• **AIM OF THE EXERCISE**
Copy every entry in the listing below exactly, but not the pictures.

• **INFORMATION GIVEN**
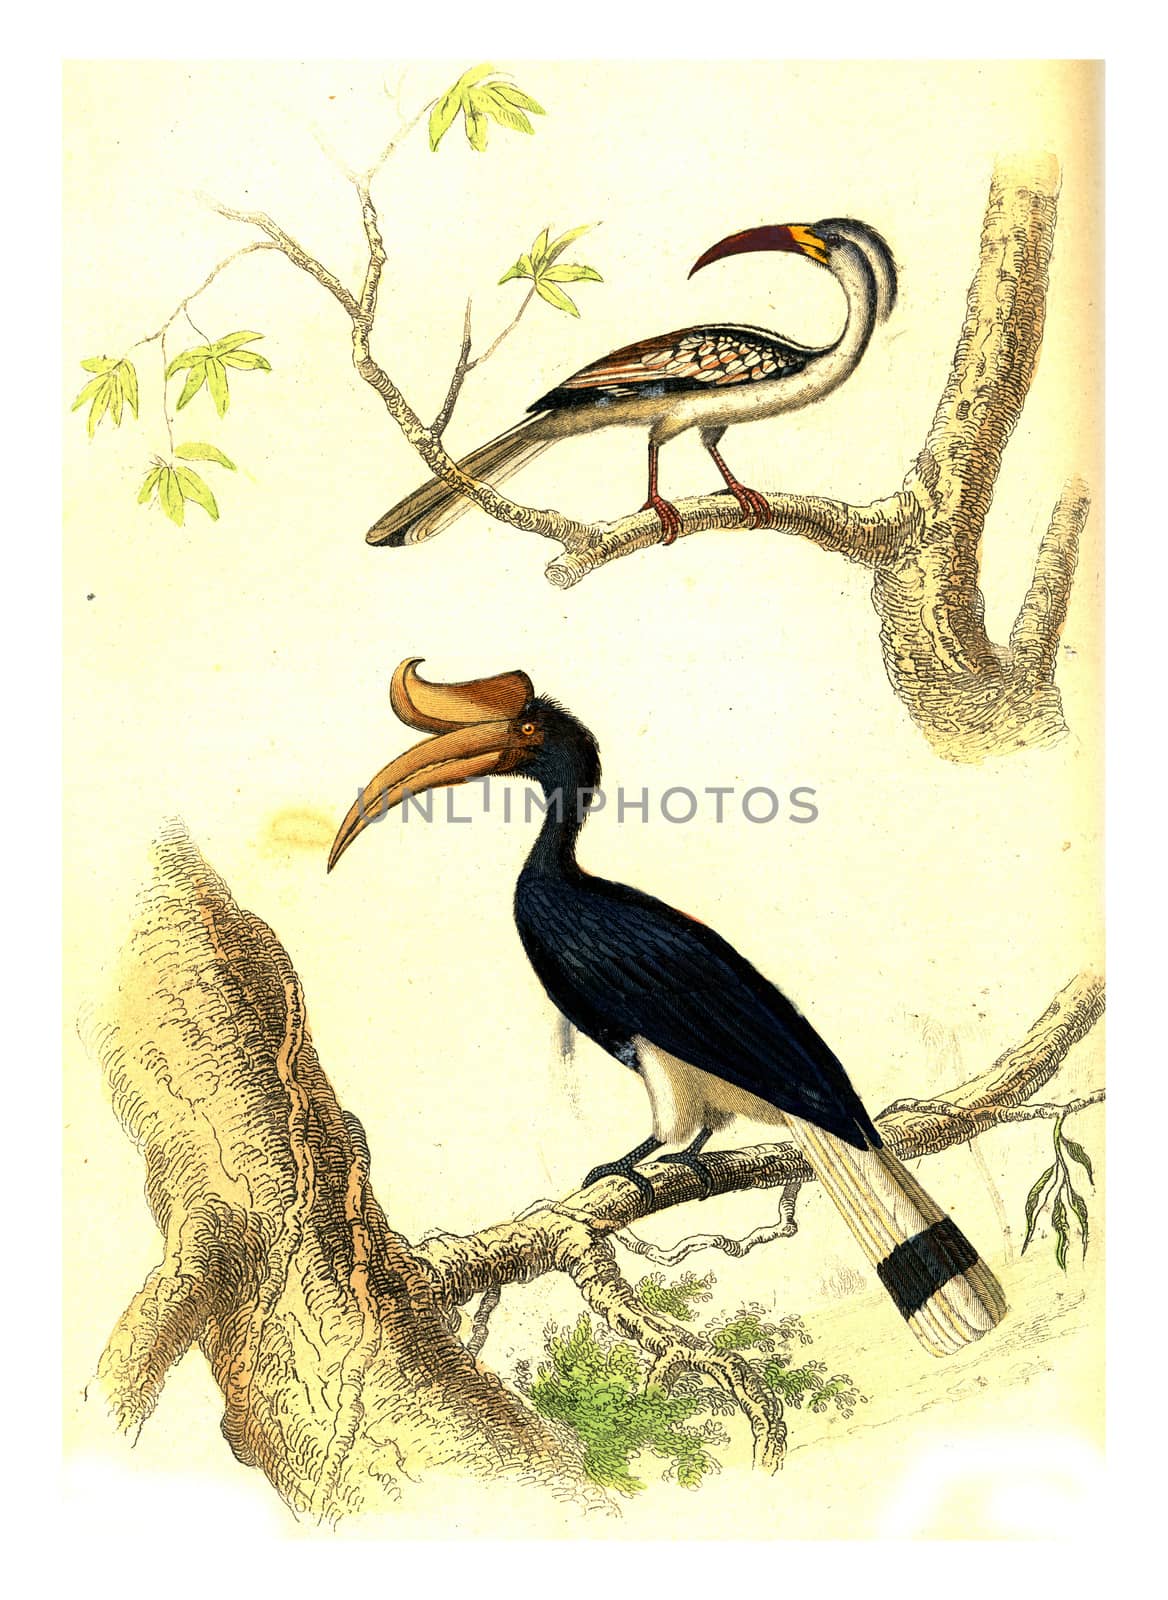 Hornbill, Rhinoceros Hornbill, vintage engraved illustration. From Buffon Complete Work.
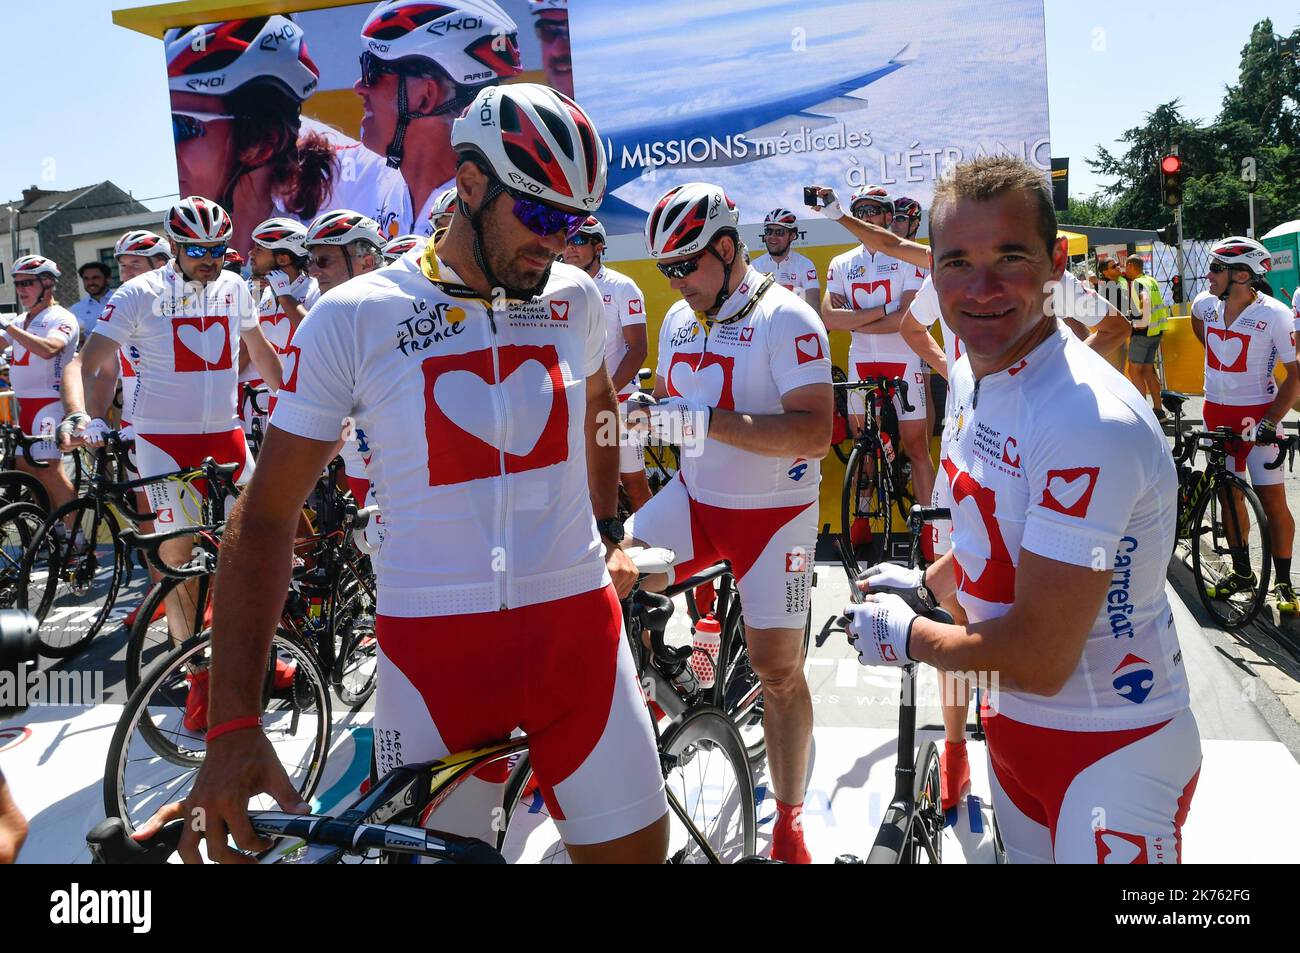 Mecenat chirurgie cardiaque - Tour de France 2018 - gara ciclistica si svolge dal 7th al 29th 2018 luglio. 21 fasi - 3 351kms - Foto Stock
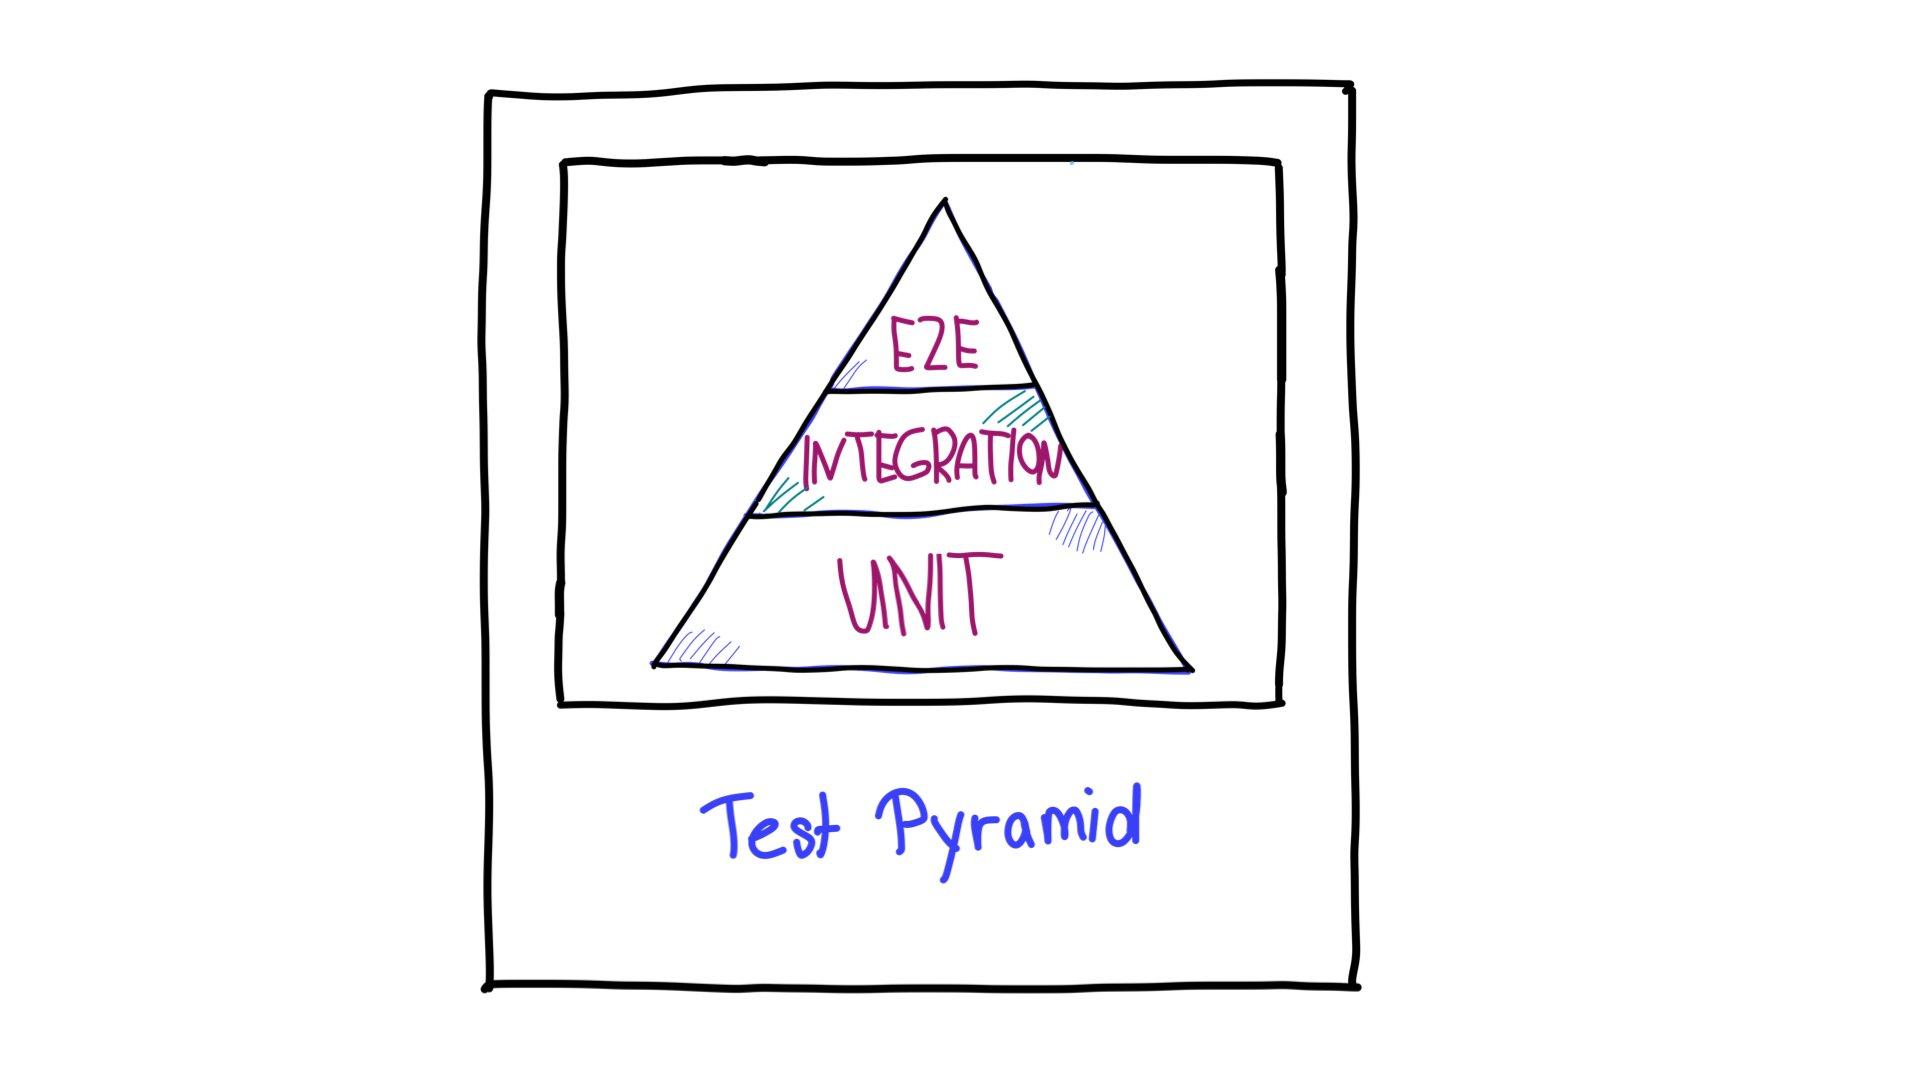 Die Testpyramide mit End-to-End-Tests (E2E) oben, Integrationstests in der Mitte und Einheitentests unten.
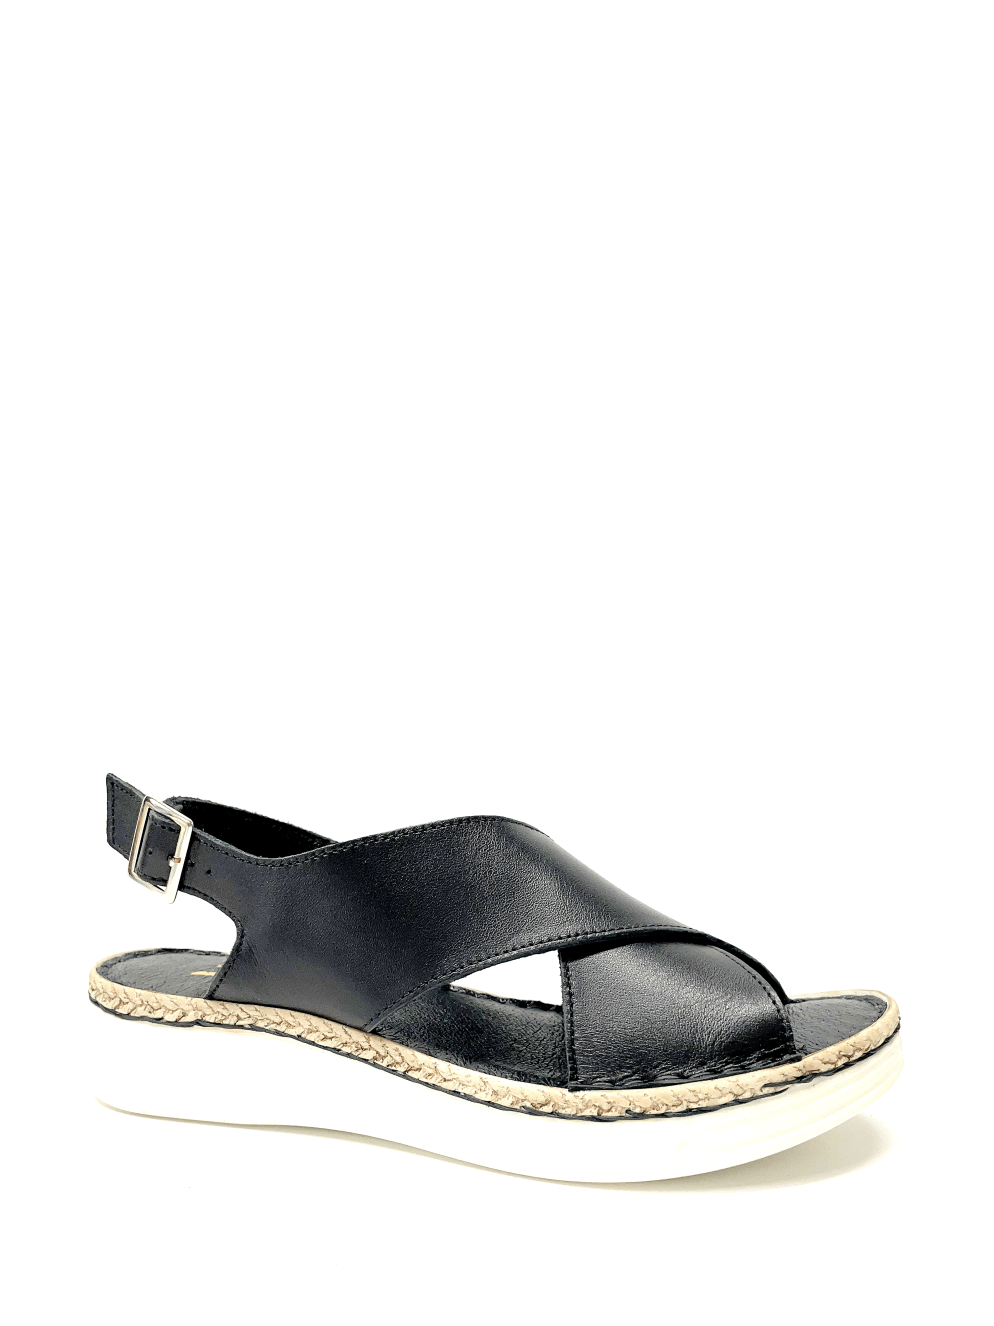 V-Italia 950/G Sandal in Black
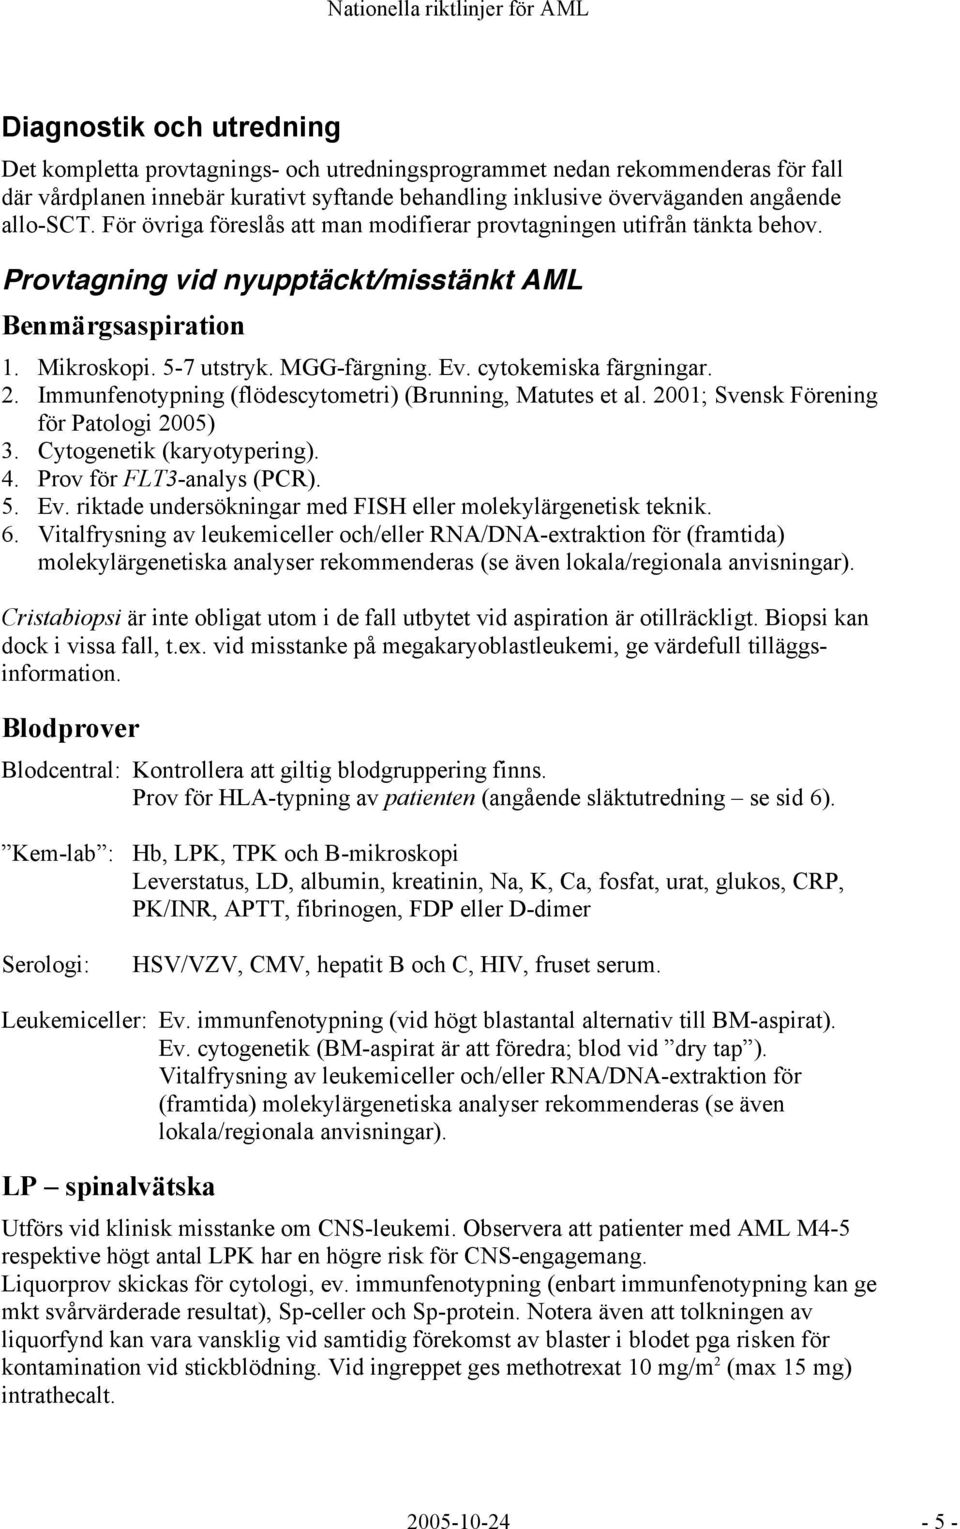 cytokemiska färgningar. 2. Immunfenotypning (flödescytometri) (Brunning, Matutes et al. 2001; Svensk Förening för Patologi 2005) 3. Cytogenetik (karyotypering). 4. Prov för FLT3-analys (PCR). 5. Ev.

• **ANSWER BELOW**
 Hornbill, Rhinoceros Hornbill, vintage engraved illustration. From Buffon Complete Work.
 Mecenat chirurgie cardiaque - Tour de France 2018 - gara ciclistica si svolge dal 7th al 29th 2018 luglio. 21 fasi - 3 351kms - Foto Stock
 Die Testpyramide mit End-to-End-Tests (E2E) oben, Integrationstests in der Mitte und Einheitentests unten.
 V-Italia 950/G Sandal in Black
 cytokemiska färgningar. 2. Immunfenotypning (flödescytometri) (Brunning, Matutes et al. 2001; Svensk Förening för Patologi 2005) 3. Cytogenetik (karyotypering). 4. Prov för FLT3-analys (PCR). 5. Ev.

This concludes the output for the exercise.